### Supplied material
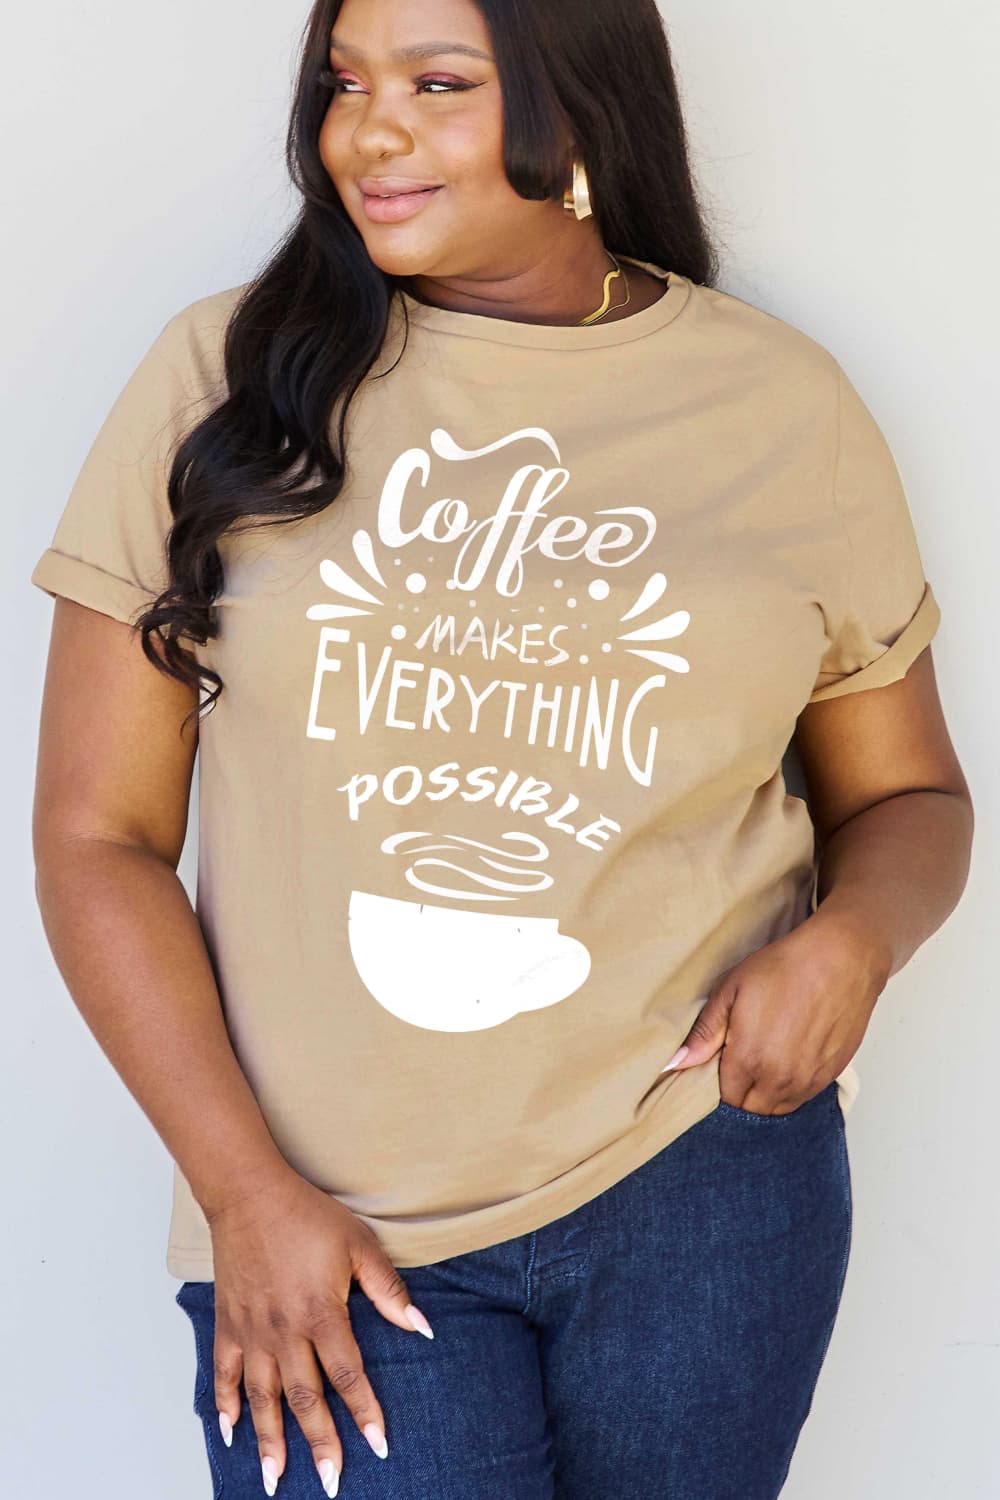 Simply Love Full Size COFFEE MAKES EVERYTHING POSSIBLE Graphic Cotton Tee BLUE ZONE PLANET
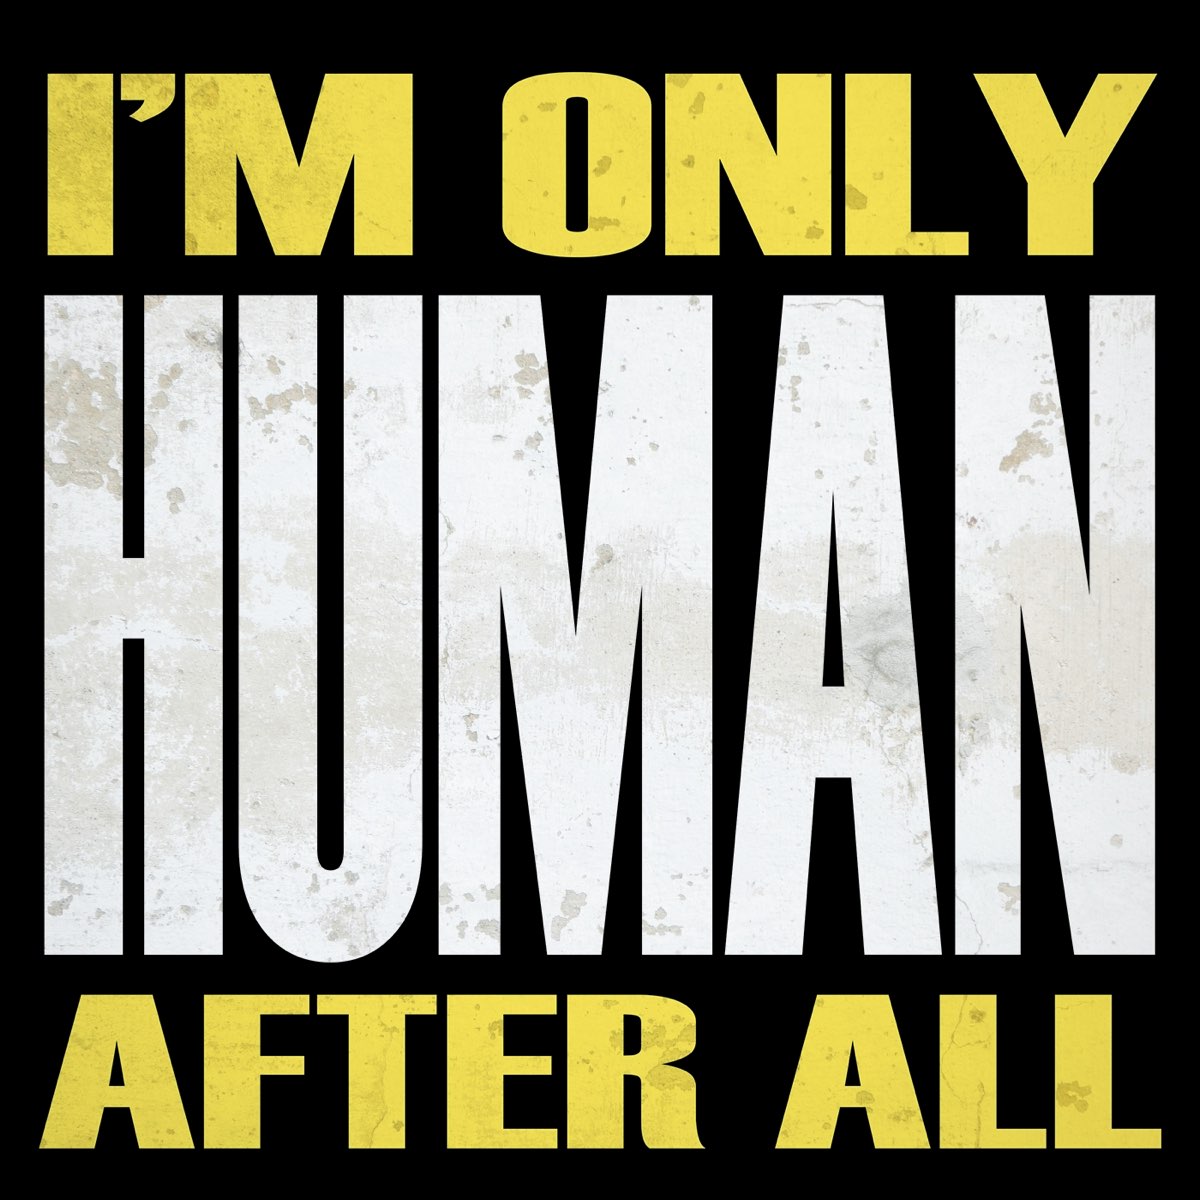 I m only your. Human after all. Im only Human after all. I am a Human after all. I M only Human.
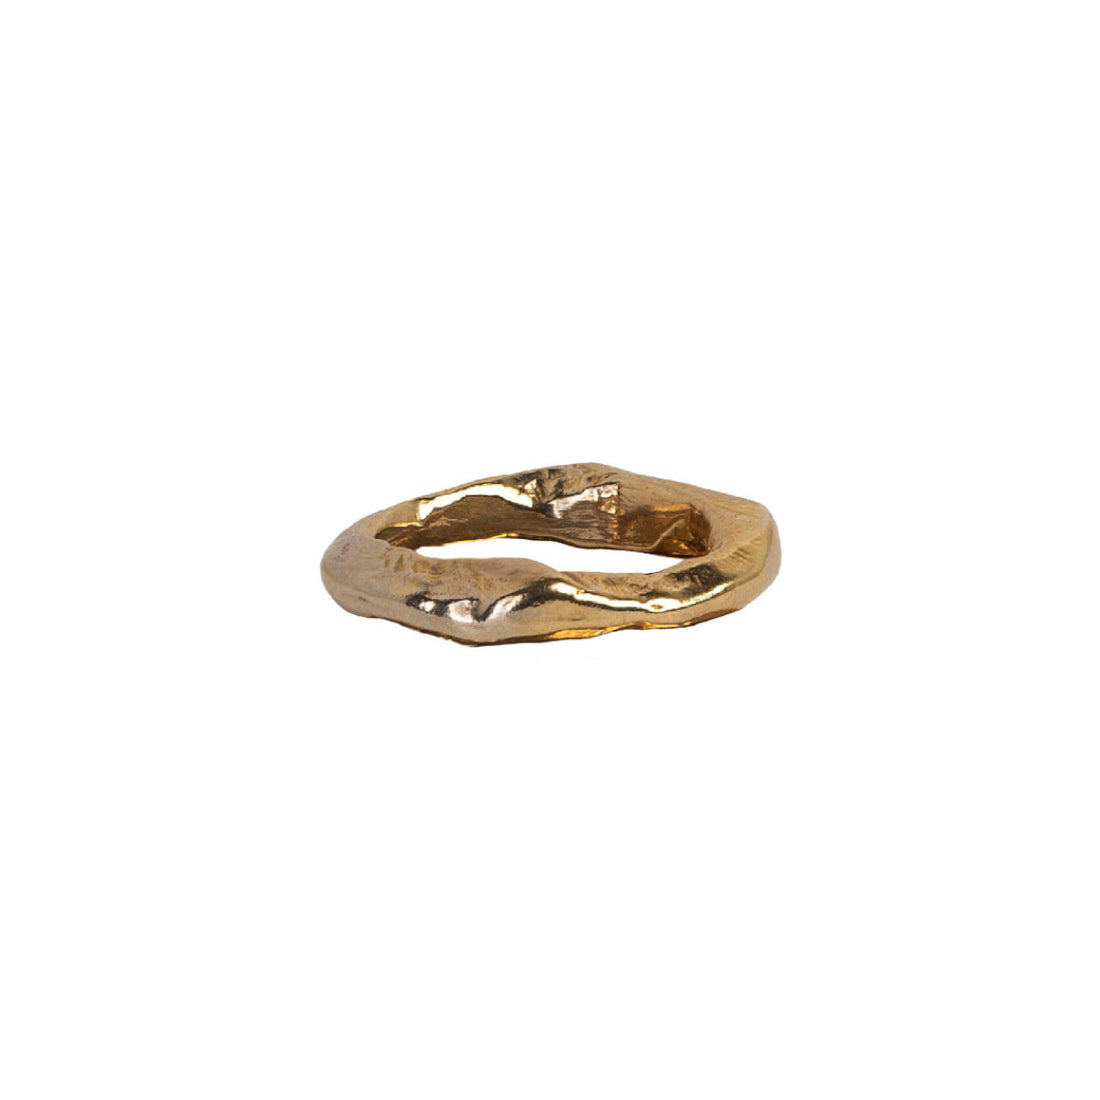 The Element Ring in Bronze is inspired by the organic beauty in nature. Designed with the art of wabi sabi it will express the natural beauty you have within.

### Exercise prompt
Give the data above back unchanged, except for the pictures.

### Written answer
 Simply Love Full Size COFFEE MAKES EVERYTHING POSSIBLE Graphic Cotton Tee BLUE ZONE PLANET
 I m only your. Human after all. Im only Human after all. I am a Human after all. I M only Human.
 The Element Ring in Bronze is inspired by the organic beauty in nature. Designed with the art of wabi sabi it will express the natural beauty you have within.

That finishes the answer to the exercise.